Someone in the comments asked for some examples and what I have tried so far.I have tried using the String template Lexer from here. I took the code from the compile section of the source and it seemed to work ok, but it was very buggy since it was built with ANTLR 3.5 and I was trying to have it run with ANTRL 3.3. The syntax coloring worked, but it was having trouble reading files and sometimes outright failed.

My second attempt was with this set of grammars. They load all of the files properly since I could compile it with 4.5, but the syntax coloring is completely off. It looks like the grammars are more so built for Java than String Template v4.

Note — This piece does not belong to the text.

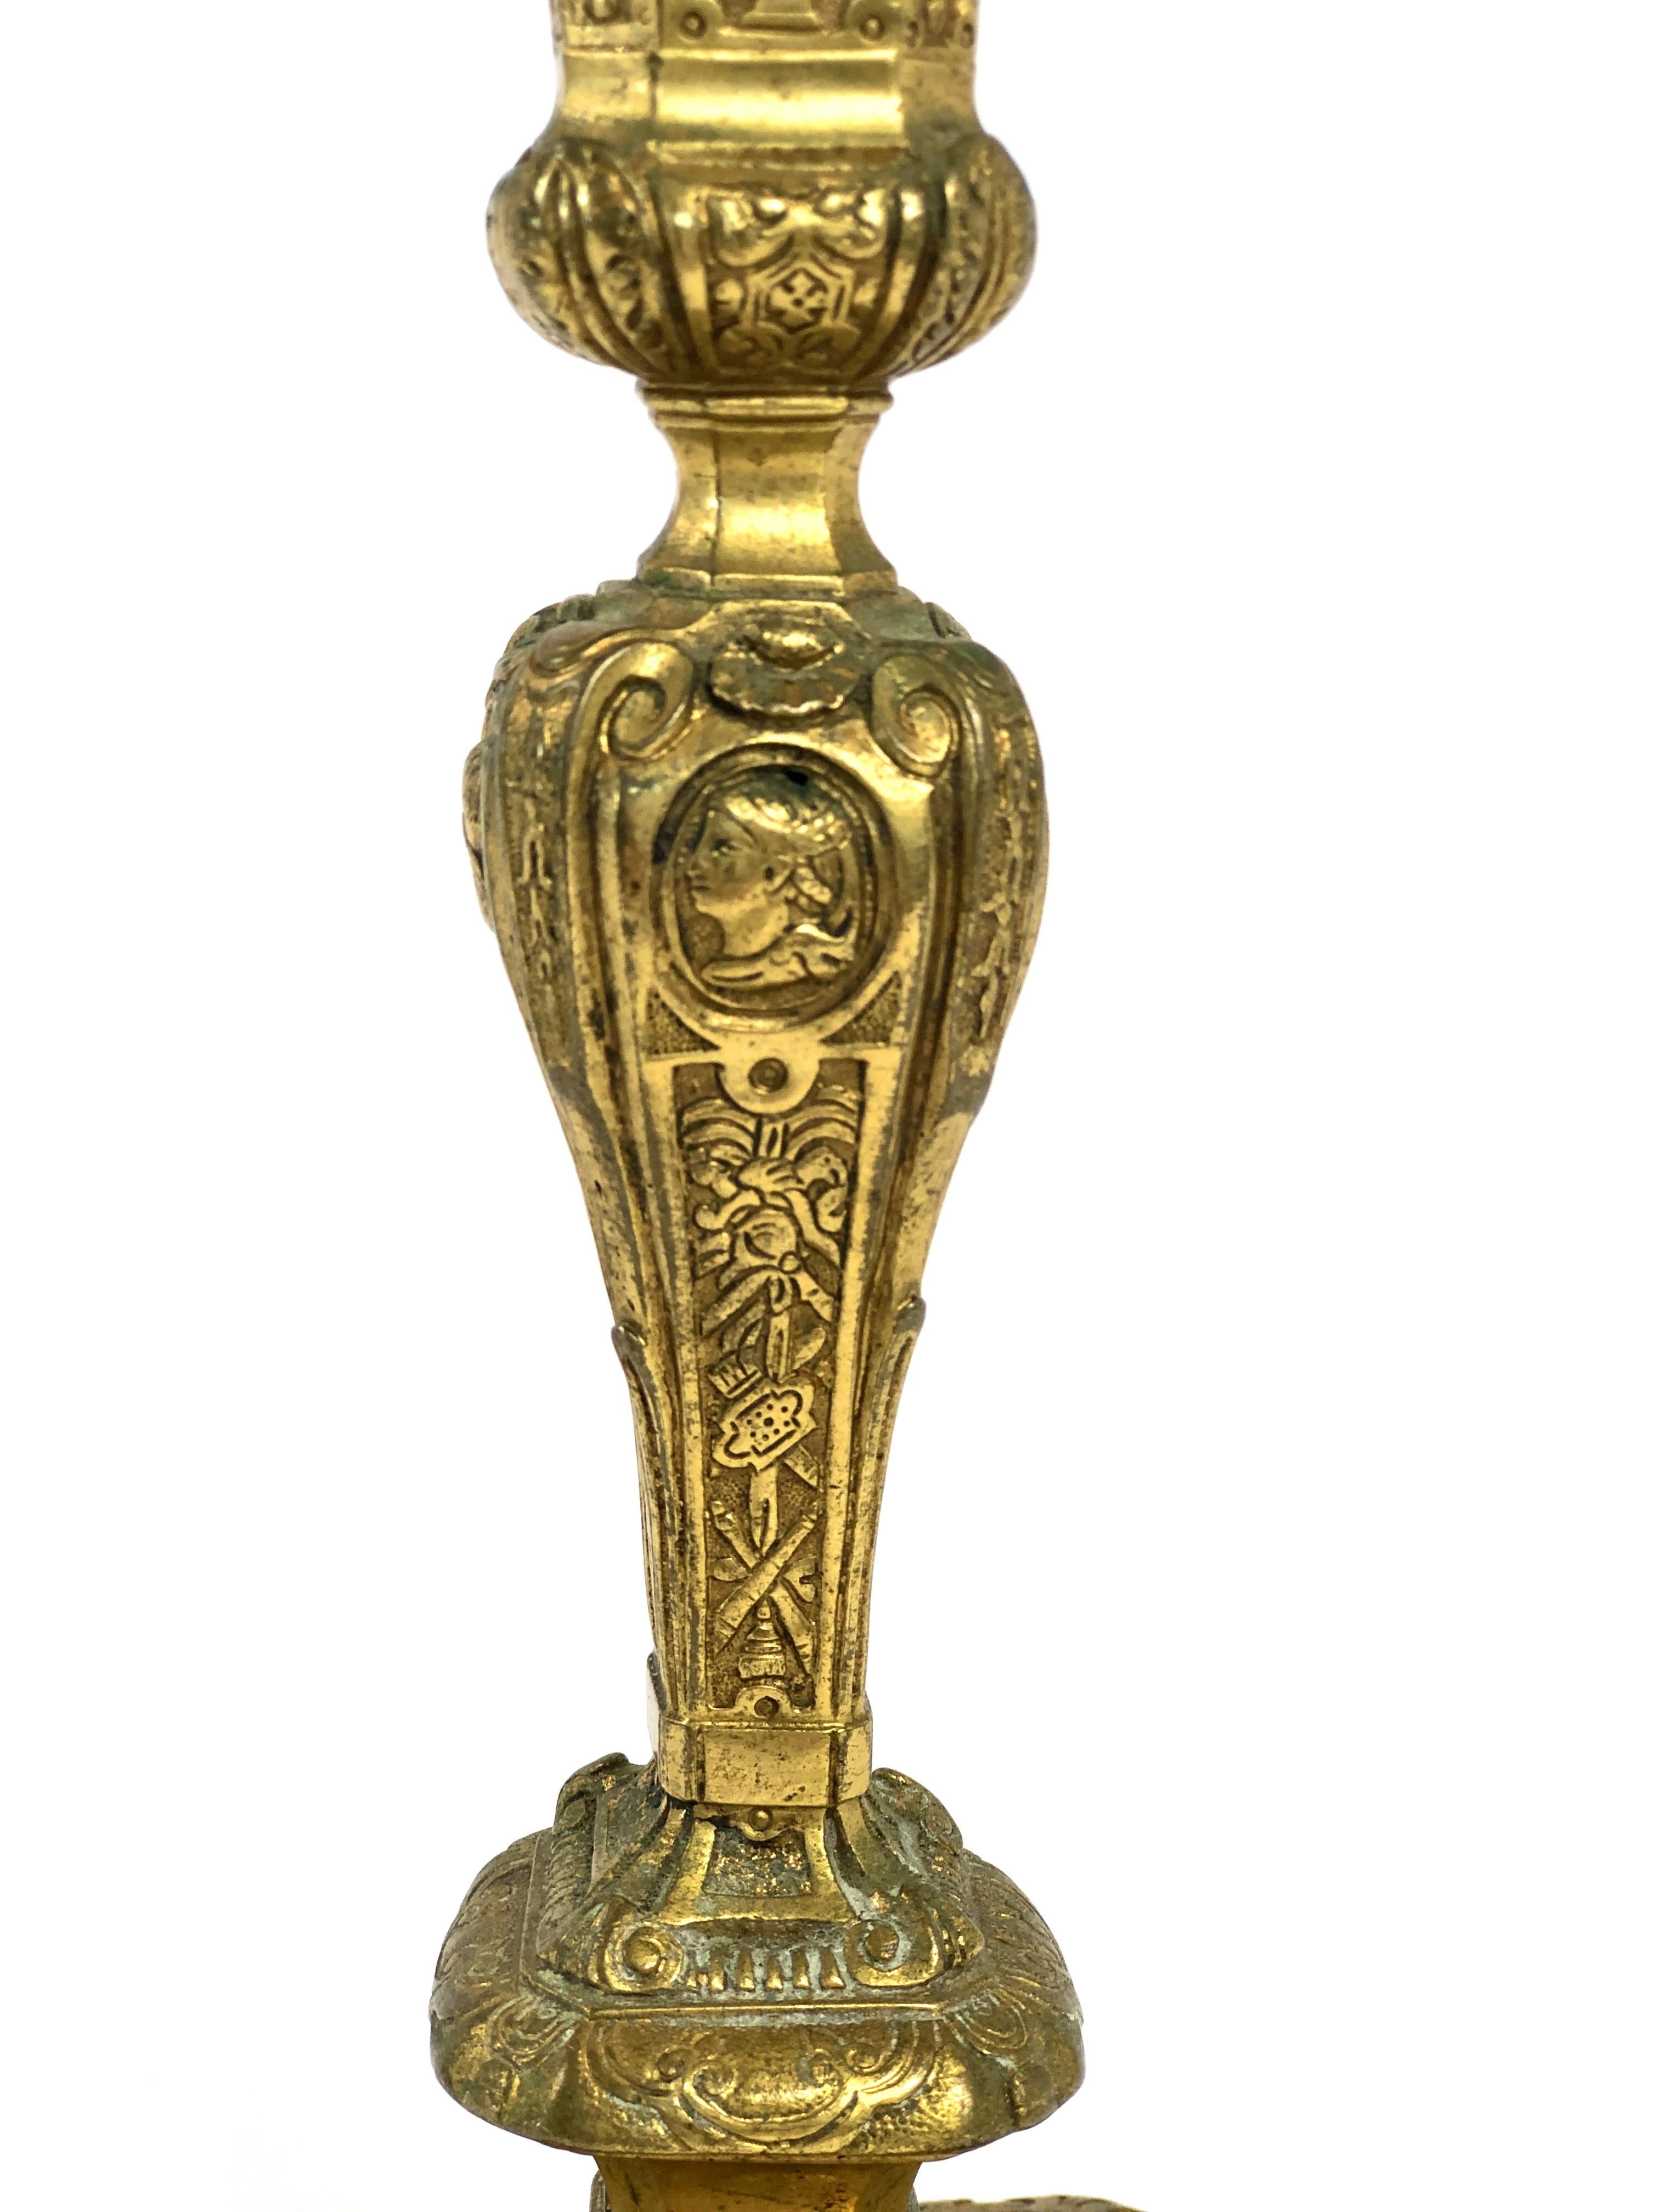 A magnificent Louis XIV style candlestick, dating from the 19th century, in finely chiseled and gilded bronze. Its baluster-shaped barrel is richly ornamented with swags and swirls, motifs of vases, fantastical creatures, draperies and acanthus

Here is the code I currently am working with to build the Lexer in the Netbeans module:

Language Provider:

import org.netbeans.api.lexer.InputAttributes;
import org.netbeans.api.lexer.Language;
import org.netbeans.api.lexer.LanguagePath;
import org.netbeans.api.lexer.Token;
import org.netbeans.spi.lexer.LanguageEmbedding;
import org.netbeans.spi.lexer.LanguageProvider;

/**
 *
 * @author Cory
 */
@org.openide.util.lookup.ServiceProvider(service=org.netbeans.spi.lexer.LanguageProvider.class)
public class stLanguageProvider extends LanguageProvider {

    @Override
    public Language<?> findLanguage(String mimeType) {
        if ("text/x-st".equals(mimeType)){
            return new stLanguageHierarchy().language();
        }

        return null;
    }

    @Override
    public LanguageEmbedding<?> findLanguageEmbedding(Token<?> token, LanguagePath languagePath, InputAttributes inputAttributes) {
        return null;
    }

}

Language Hierarchy:

import java.util.ArrayList;
import java.util.Collection;
import java.util.HashMap;
import java.util.List;
import java.util.Map;
import org.netbeans.api.lexer.Language;
import org.netbeans.spi.lexer.LanguageHierarchy;
import org.netbeans.spi.lexer.Lexer;
import org.netbeans.spi.lexer.LexerRestartInfo;

/**
 *
 * @author Cory
 */
public class stLanguageHierarchy extends LanguageHierarchy<stTokenId> {

    private static List<stTokenId> tokens = new ArrayList<stTokenId>();
    private static Map<Integer, stTokenId> idToToken = new HashMap<Integer, stTokenId>();

    private static final Language<stTokenId> language = new stLanguageHierarchy().language();

    public static Language<stTokenId> getLanguage() {
        return language;
    }

    static {
        TokenType[] tokenTypes = TokenType.values();
        for (TokenType tokenType : tokenTypes) {
            tokens.add(new stTokenId(tokenType.name(), tokenType.category, tokenType.id));
        }
        for (stTokenId token : tokens) {
            idToToken.put(token.ordinal(), token);
        }
    }

    /**
     * Returns an actual stTokenId from an id. This essentially allows
     * the syntax highlighter to decide the color of specific words.
     * @param id
     * @return
     */
    static synchronized stTokenId getToken(int id) {
        return idToToken.get(id);
    }

    @Override
    protected Collection<stTokenId> createTokenIds() {
        return tokens;
    }

    @Override
    protected Lexer<stTokenId> createLexer(LexerRestartInfo<stTokenId> lri) {
        return new stEditorLexer(lri);
    }

    @Override
    protected String mimeType() {
        return "text/x-st";
    }
}

The Editor lexer: This is where the String Template Lexer should be brought in if I can find it. This code here is using the lexer from ANTLR 4.5 build from the second link.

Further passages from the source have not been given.